無論買多買少,葉煩都送點東西。大概她太好說話, 村民跟過去切豬肉又間接證明葉煩幫窮親戚, 大爺大媽們特別喜歡她, 看見路人就幫她招呼,問要不要豬肉,不限購之類的。
下午一點多,六頭豬賣的一乾二淨。
到村里,葉煩把錢發下去,比村民預想的多,村民很高興,主動告訴葉煩村里還有幾頭大肥豬。
那次葉煩跟耿致勤繞著全村轉悠可不是瞎轉悠,她通過豬圈數量猜到村里不止六頭豬,所以賣春聯的時候就跟公園的大爺大媽和秦雲芝說過,年底賣豬肉,但有個前提條件,有人來驅趕她,大爺大媽們要幫她。
大爺大媽們跟守護自己人似的都答應幫忙。
葉煩這個時候才說,還有兩個地方也要豬肉,由於不知道村裡有多少頭,她沒敢告訴那些人她什麼時候過去。
葉煩拉走的六頭豬其中一頭是村長的,村長自然也在,就說:「還能出十一頭。」
「那早上殺五頭,上午殺六頭,明兒一天全賣了。」
耿致曄震驚:「葉煩煩,這麼多豬可不是鬧著玩的。」
「可以多跑幾個地方啊。明天九點到這裡,十點到公園。下午一點過來,兩點到公園。下午公園不好賣就去大舅媽那邊。」葉煩道,「豬肉缺口大著呢。」
耿致曄:「你做過市場調查?」
葉煩搖頭:「不用調查。除了國營單位,全城只有我光明正大賣豬肉。黑市上也有,但是黑市豬肉一塊五,人家肯定更願意買我的。不過明年肯定就多了。所以——」看一眼於家舅舅們和於家村村民們,「豬肉我只賣今年一年。青菜和雞鴨魚蛋只賣到明年暑假。」
耿致曄想起以前跟葉煩聊的事:「其實到明年年底你們幾家可以湊錢買一輛三蹦子。」
葉煩點頭:「我是學生,還要照顧大寶和二寶,就算想賺錢也不能天天出來。如果開春後你們想自己去市區試試,就叫大舅給我捎個信,我周末就不過來了。」
村長算過帳,由他們自己挑菜坐車進城賣不合算。村長家有一輛二八大槓,可是騎車賣菜太受罪,還耽誤下地鋤草。

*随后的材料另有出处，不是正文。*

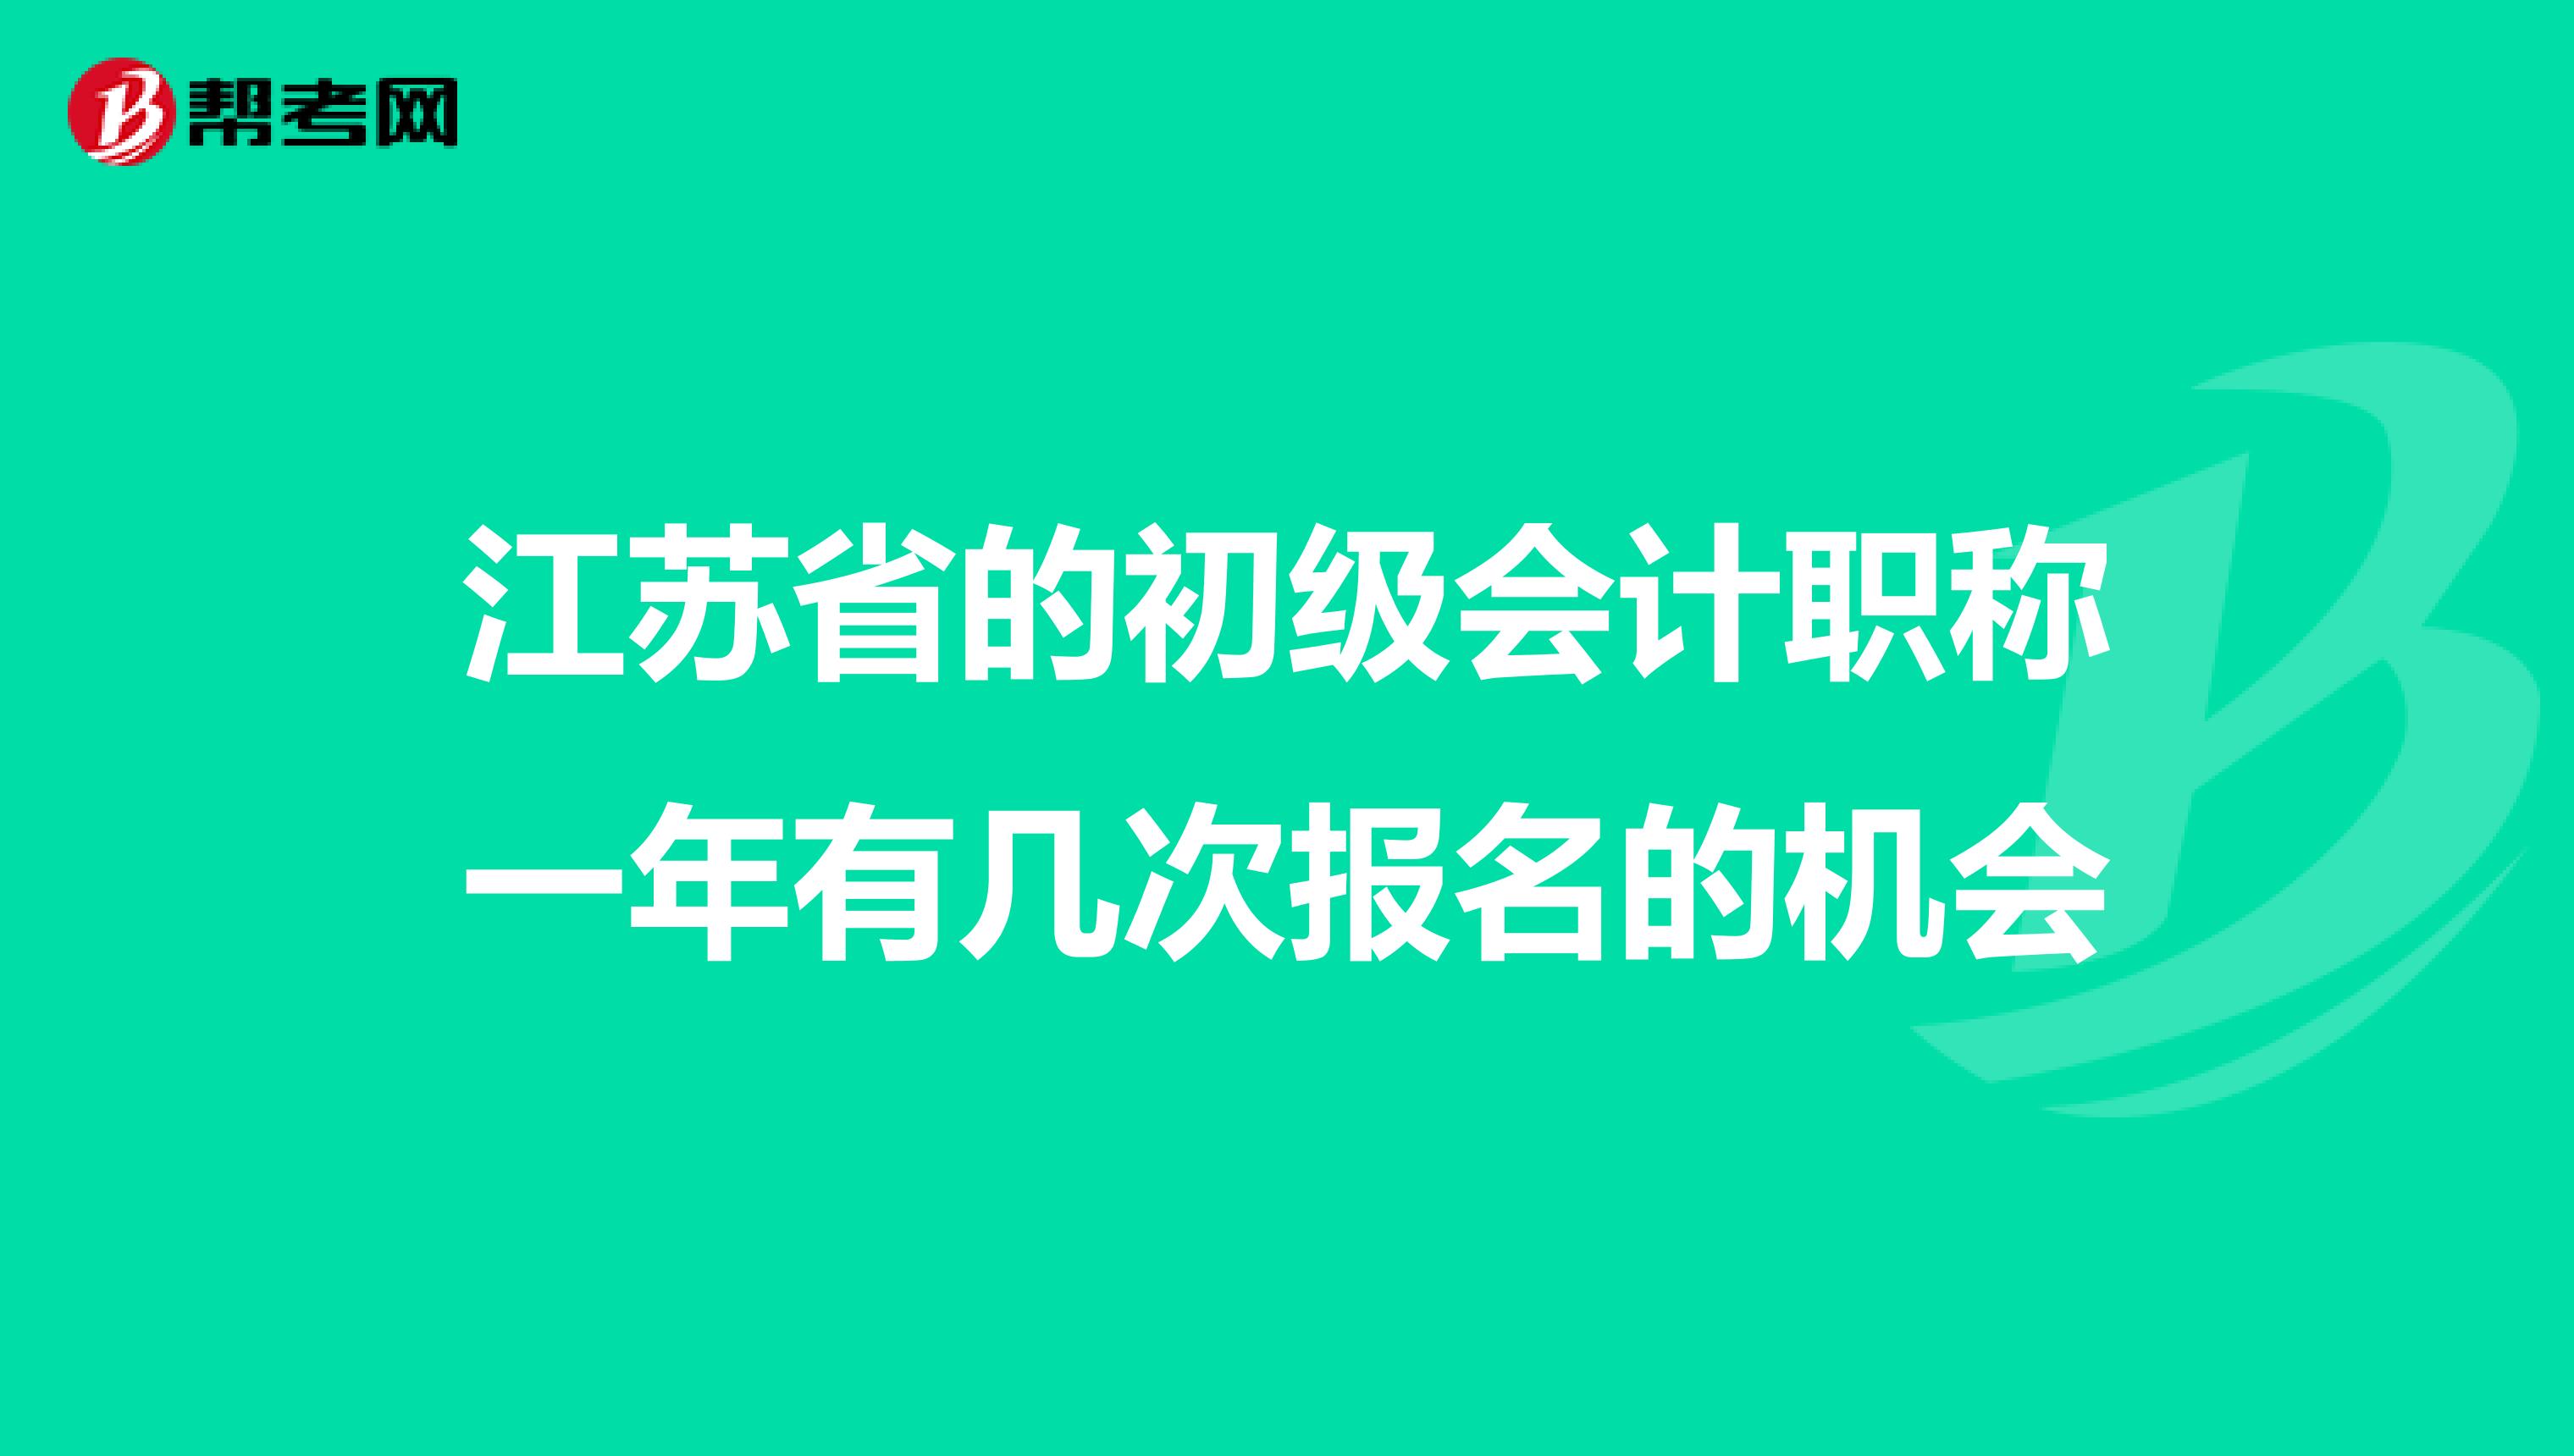 江苏省的初级会计职称一年有几次报名的机会

村長想說還交給葉煩,又不知道明年什麼行情,就說:「這事太突然,回頭我找大家聊聊。」
葉煩:「那我們先回去?」
耿致曄對於文桃的大哥說:「錢收好,最近城裡挺亂的,我擔心他們下鄉。」
村長去鎮上開會也聽人聊過小偷變多了:「村里晚上有人打更。」
耿致曄放心地開車載葉煩回城。
到城裡天還沒黑,耿致曄和葉煩還了車在路上逛一會才坐公交車回家。
於文桃正準備做飯,看到耿致曄拎半個豬頭,脫口而出:「晚上吃這個?」
耿致曄腳步一頓:「小舅給的。」
「不好賣啊?」耿致勤從屋裡出來。
耿致曄:「沒拿去賣。豬頭、豬腸不好定價,便宜賣掉不如留著過年。大舅想給我豬腸,怕你們吃不慣,煩煩沒要。你們想吃的話明兒找村民買一副。」
老老小小一起搖頭。
葉煩頓感好笑:「那就買半扇排骨,十斤五花肉,一個豬腿?」
耿卉卉伸出大拇指:「我小嬸賺到錢就是大方!我決定,今年跟你們過年。」
葉煩嗓子有點不舒服,擺擺手不理她的俏皮話,回屋喝胖大海。
翌日上午八點,耿致曄去開車,到路口捎著葉煩就進村。九點多,葉煩到公園門口。起初只有幾個路人,大概路人拎一塊肉太驚人,被人問在哪兒買的肉,等十點左右,公園人越來越多。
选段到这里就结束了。